# What's the deal with booze in Utah?



## Mrs Miggins (Feb 8, 2008)

I'm thinking of a Utah/Arizona Grand Canyon other national parks trip and I'm just wondering what the deal is with alcohol in Utah. It's not like I can't live without booze but I'd like to get a drink in a bar or some wine with my dinner. 

What's the deal?


----------



## nino_savatte (Feb 8, 2008)

Because Mormons abstain from booze and Utah is a Mormon-dominated state.


----------



## Mrs Miggins (Feb 8, 2008)

Yes but I don't think the state is completely dry is it? That's what I'm asking....


----------



## nino_savatte (Feb 8, 2008)

According to my memory it is still dry. But I've never been there tbh.


----------



## phildwyer (Feb 8, 2008)

No its not dry.  You just have to pay a "membership fee" when you enter a bar.


----------



## axon (Feb 8, 2008)

Restaurants will serve alcohol if you are eating dinner/lunch.  As Phil says, in bars you have to pay a membership fee, something like $5 to $10 and then you can drink.


----------



## nino_savatte (Feb 9, 2008)

Well there you are then.


----------



## Spion (Feb 11, 2008)

Mrs Miggins said:


> I'm thinking of a Utah/Arizona Grand Canyon other national parks trip and I'm just wondering what the deal is with alcohol in Utah. It's not like I can't live without booze but I'd like to get a drink in a bar or some wine with my dinner.
> 
> What's the deal?


I don't think you need membership any more. I've certainly been in some bars in Salt Lake City and not needed to

Overall, there's a 3.5% alc limit. It's quite possible to make good tasting beer at that strength, and there are plenty of micros there that do - and some good ones in Moab, which you'd probably go to if you were going to the national parks.

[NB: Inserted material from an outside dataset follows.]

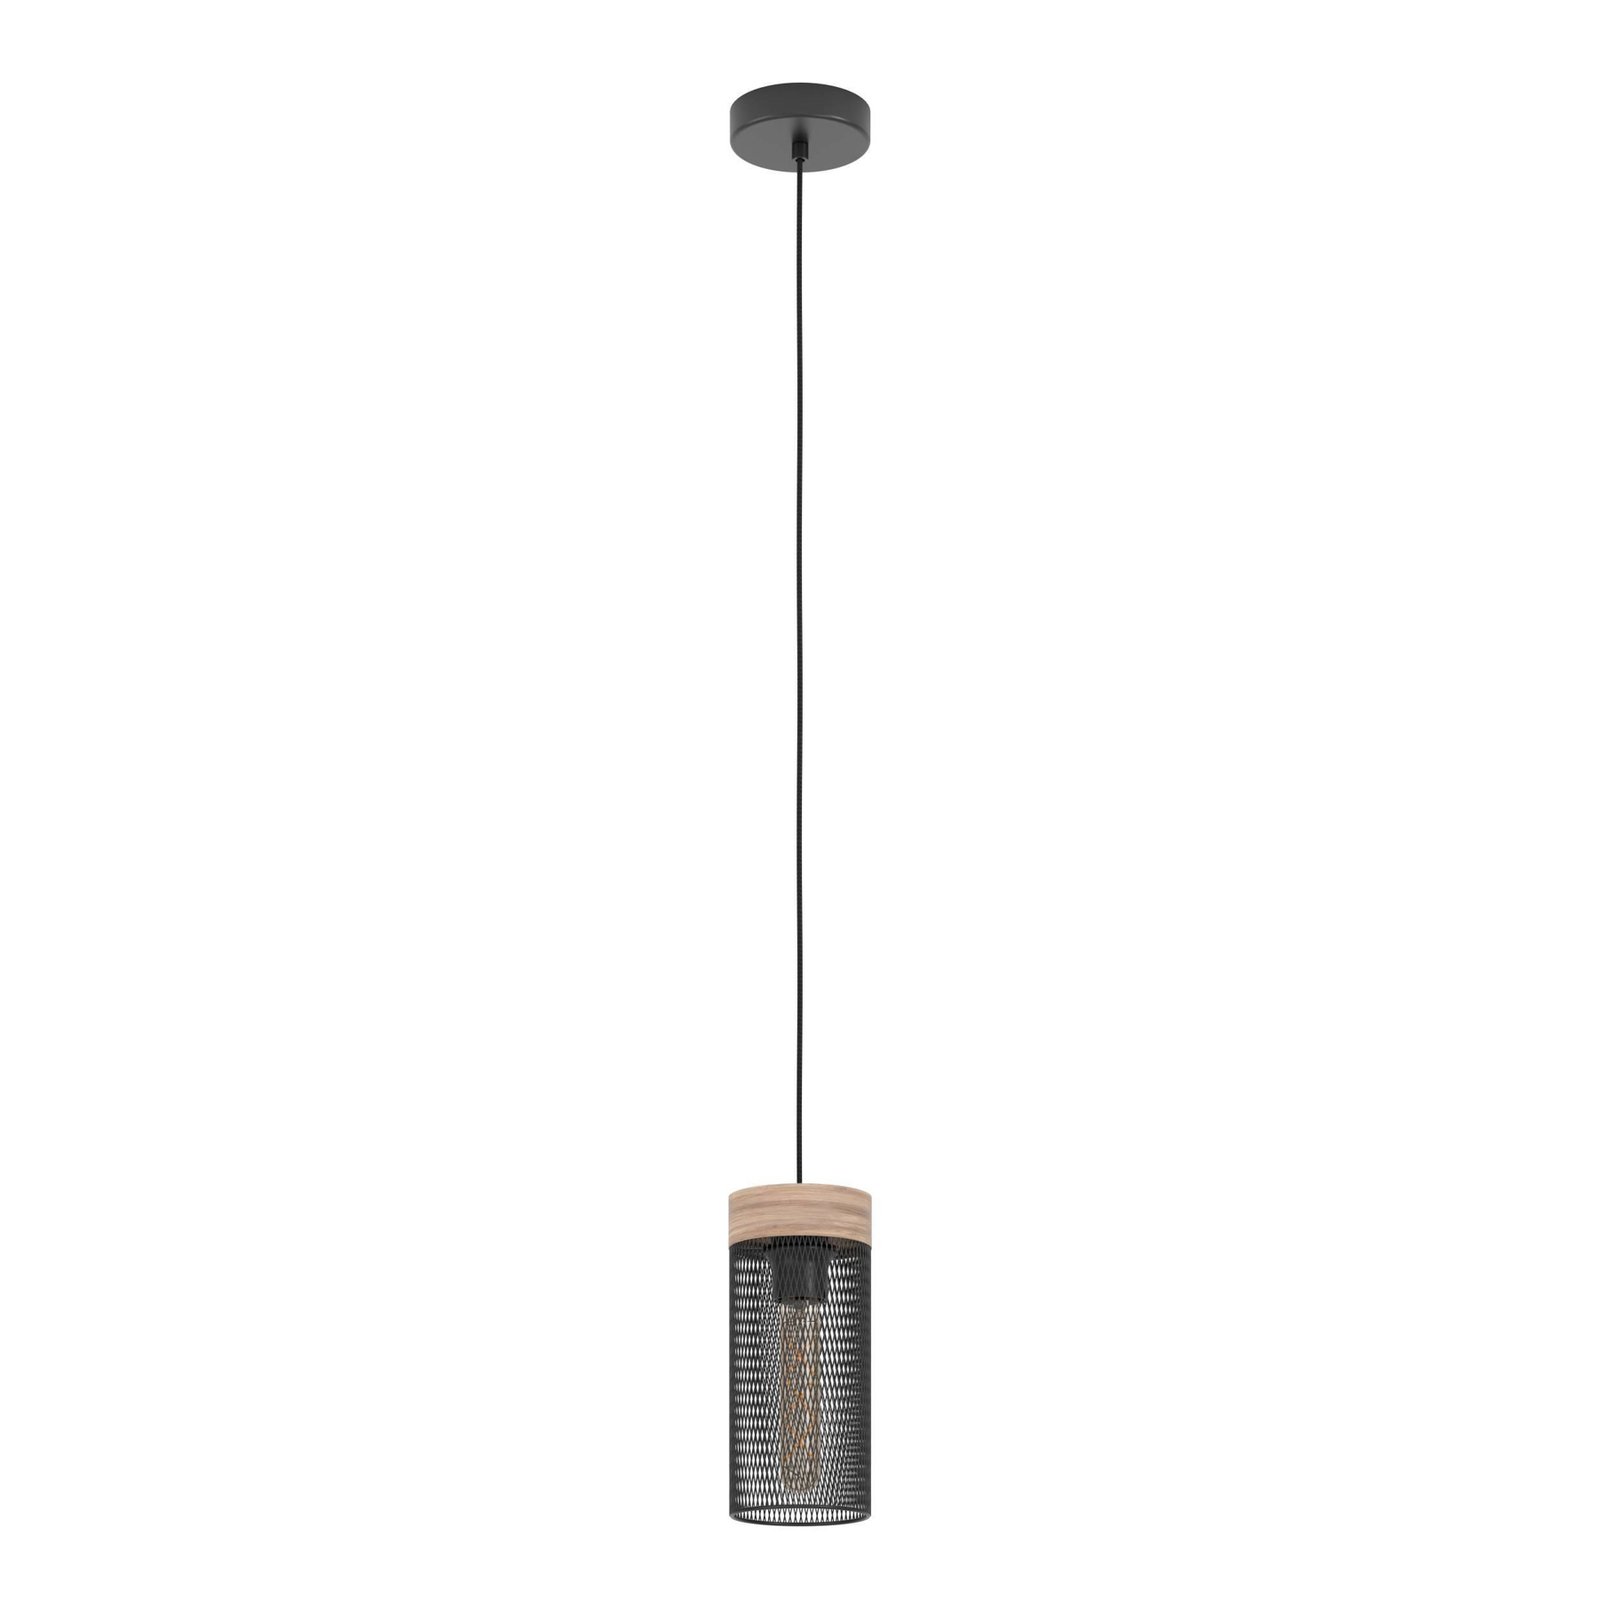 Hanglamp Kilnsdale, Ø 11 cm, zwart/bruin, staal

Do it - the scenery is awesome* there

(* entirely appropriate adjective for Utah landscapes)


----------



## Gavin Bl (Feb 11, 2008)

I've been to one very nice bar in salt lake city, red rock or something - very flash, and bought booze pretty easily to take out elsewhere in Utah..


----------



## mhendo (Feb 17, 2008)

Instead of a whole lot of uninformed guesses (which is mostly what you've got in this thread so far), why not get it straight from the horse's mouth?

Liquor Laws Affecting Residents and Visitors, from the Utah Department of Alcoholic Beverage Control.






			
				nino_savatte said:
			
		

> According to my memory it is still dry.


Incorrect.

In fact, because Utah forbids the regulation of alcohol at the county level, and the state law is controlling across the whole state, Utah does not even have any dry counties, unlike many other American states, where some local government decide to ban the sale of alcohol.






			
				phildwyer said:
			
		

> No its not dry. You just have to pay a "membership fee" when you enter a bar.


Half right.

You have to pay a membership fee to drink in a private club, and, as the above link says, visitors can get temporary membership (a few weeks) for a nominal fee, usually around $4.00.

There are restaurants with full service and limited service licenses, where you can get a drink without any membership, as long as you order food. There are also places like taverns and bars where you can get beer (max. 4.0% by volume, 3.2% by weight), and carry-out beer. If you want carry-out, you can also get a full range of liquor, heavy beer, wine, etc. at one the the state liquor stores.


----------